--- Listed entries ---

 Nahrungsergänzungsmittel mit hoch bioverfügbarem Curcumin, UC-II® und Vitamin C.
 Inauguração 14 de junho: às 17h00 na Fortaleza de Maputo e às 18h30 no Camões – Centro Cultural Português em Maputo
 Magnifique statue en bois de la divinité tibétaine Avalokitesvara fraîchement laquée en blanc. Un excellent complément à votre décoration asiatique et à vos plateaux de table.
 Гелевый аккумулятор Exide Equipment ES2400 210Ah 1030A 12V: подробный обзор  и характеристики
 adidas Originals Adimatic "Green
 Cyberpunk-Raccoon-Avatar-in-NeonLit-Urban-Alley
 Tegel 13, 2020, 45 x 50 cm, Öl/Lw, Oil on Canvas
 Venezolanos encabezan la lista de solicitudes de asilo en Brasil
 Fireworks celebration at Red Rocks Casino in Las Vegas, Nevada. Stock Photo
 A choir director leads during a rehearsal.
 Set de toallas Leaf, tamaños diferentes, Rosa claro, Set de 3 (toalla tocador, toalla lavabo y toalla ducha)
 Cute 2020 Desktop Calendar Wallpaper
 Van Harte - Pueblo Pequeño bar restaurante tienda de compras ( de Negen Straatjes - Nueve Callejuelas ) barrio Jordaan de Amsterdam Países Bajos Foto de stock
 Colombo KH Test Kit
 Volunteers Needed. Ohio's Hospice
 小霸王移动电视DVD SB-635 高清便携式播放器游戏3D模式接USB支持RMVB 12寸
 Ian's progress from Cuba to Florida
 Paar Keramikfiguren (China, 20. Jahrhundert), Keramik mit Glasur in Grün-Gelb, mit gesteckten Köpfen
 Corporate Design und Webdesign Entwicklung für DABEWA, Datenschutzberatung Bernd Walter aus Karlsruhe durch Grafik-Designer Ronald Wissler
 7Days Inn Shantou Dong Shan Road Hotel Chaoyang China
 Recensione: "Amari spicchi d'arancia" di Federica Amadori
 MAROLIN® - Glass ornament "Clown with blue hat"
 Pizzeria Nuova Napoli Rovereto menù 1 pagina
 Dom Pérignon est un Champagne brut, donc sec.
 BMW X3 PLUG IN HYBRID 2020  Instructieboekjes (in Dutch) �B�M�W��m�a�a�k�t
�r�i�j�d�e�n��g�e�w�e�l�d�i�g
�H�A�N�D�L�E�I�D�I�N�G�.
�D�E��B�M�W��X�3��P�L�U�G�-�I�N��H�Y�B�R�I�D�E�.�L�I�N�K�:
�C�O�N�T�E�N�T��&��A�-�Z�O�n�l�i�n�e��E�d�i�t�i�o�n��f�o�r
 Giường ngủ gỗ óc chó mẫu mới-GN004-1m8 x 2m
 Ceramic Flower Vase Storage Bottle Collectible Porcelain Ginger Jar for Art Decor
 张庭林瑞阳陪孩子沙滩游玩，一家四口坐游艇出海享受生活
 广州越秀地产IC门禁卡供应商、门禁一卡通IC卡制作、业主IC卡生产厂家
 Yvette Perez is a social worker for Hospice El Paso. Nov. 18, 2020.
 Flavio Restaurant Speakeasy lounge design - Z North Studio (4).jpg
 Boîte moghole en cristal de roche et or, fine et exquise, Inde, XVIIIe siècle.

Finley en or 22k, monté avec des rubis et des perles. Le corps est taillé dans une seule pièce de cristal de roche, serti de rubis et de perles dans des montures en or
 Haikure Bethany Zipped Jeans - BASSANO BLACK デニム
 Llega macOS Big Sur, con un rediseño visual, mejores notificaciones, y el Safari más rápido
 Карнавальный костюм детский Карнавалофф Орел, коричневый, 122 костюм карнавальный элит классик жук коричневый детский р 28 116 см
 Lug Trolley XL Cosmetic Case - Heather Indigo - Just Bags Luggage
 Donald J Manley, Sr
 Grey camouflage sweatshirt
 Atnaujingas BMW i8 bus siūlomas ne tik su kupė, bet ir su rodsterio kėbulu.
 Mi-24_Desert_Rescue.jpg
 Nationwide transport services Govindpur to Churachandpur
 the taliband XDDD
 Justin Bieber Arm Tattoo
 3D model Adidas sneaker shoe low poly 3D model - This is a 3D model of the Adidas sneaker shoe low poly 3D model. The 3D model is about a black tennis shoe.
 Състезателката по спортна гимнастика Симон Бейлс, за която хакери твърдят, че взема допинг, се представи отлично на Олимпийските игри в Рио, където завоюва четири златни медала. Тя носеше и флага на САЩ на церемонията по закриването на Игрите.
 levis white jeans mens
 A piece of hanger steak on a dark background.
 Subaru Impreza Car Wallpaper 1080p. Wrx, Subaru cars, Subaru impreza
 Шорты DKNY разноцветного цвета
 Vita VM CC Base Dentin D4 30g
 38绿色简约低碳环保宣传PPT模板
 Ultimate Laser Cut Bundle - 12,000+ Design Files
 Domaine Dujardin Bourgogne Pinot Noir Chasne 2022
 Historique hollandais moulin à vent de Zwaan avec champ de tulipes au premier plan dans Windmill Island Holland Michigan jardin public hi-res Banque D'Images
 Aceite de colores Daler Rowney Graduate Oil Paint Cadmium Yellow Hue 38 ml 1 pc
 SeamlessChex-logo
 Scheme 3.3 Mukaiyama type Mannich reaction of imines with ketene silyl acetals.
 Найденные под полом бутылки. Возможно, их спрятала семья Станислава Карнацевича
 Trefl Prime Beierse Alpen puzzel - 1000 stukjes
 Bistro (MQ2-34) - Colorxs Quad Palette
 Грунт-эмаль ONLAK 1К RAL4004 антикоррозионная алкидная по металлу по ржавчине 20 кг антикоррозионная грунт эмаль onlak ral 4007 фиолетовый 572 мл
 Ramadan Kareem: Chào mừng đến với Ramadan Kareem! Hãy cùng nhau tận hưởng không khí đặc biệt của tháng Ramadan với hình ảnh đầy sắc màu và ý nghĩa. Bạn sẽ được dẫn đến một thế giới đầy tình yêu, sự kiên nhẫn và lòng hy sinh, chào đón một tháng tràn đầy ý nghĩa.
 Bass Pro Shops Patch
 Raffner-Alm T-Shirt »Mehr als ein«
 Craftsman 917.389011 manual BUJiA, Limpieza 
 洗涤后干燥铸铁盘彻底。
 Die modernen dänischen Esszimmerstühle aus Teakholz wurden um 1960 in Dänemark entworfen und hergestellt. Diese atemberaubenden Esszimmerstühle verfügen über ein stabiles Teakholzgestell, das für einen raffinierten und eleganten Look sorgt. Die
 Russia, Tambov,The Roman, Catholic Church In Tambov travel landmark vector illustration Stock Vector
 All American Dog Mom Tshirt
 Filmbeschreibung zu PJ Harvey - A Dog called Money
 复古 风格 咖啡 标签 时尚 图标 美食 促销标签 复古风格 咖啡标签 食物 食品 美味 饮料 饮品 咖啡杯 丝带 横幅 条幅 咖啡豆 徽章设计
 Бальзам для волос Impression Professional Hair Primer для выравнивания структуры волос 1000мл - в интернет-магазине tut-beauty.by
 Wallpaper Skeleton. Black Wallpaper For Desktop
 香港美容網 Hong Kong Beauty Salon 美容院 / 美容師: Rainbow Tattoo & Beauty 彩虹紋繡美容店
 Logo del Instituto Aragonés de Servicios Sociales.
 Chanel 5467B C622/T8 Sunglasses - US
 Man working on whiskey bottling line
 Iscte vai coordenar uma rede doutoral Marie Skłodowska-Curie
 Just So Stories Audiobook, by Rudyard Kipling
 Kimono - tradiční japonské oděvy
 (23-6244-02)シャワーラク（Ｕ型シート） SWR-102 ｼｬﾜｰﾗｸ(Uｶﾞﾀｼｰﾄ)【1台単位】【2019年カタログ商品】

---

*Exercise objective*. Determine the number of lines in the data that contain "Hospice" as a word or string, and state only that number.

*Result*. 2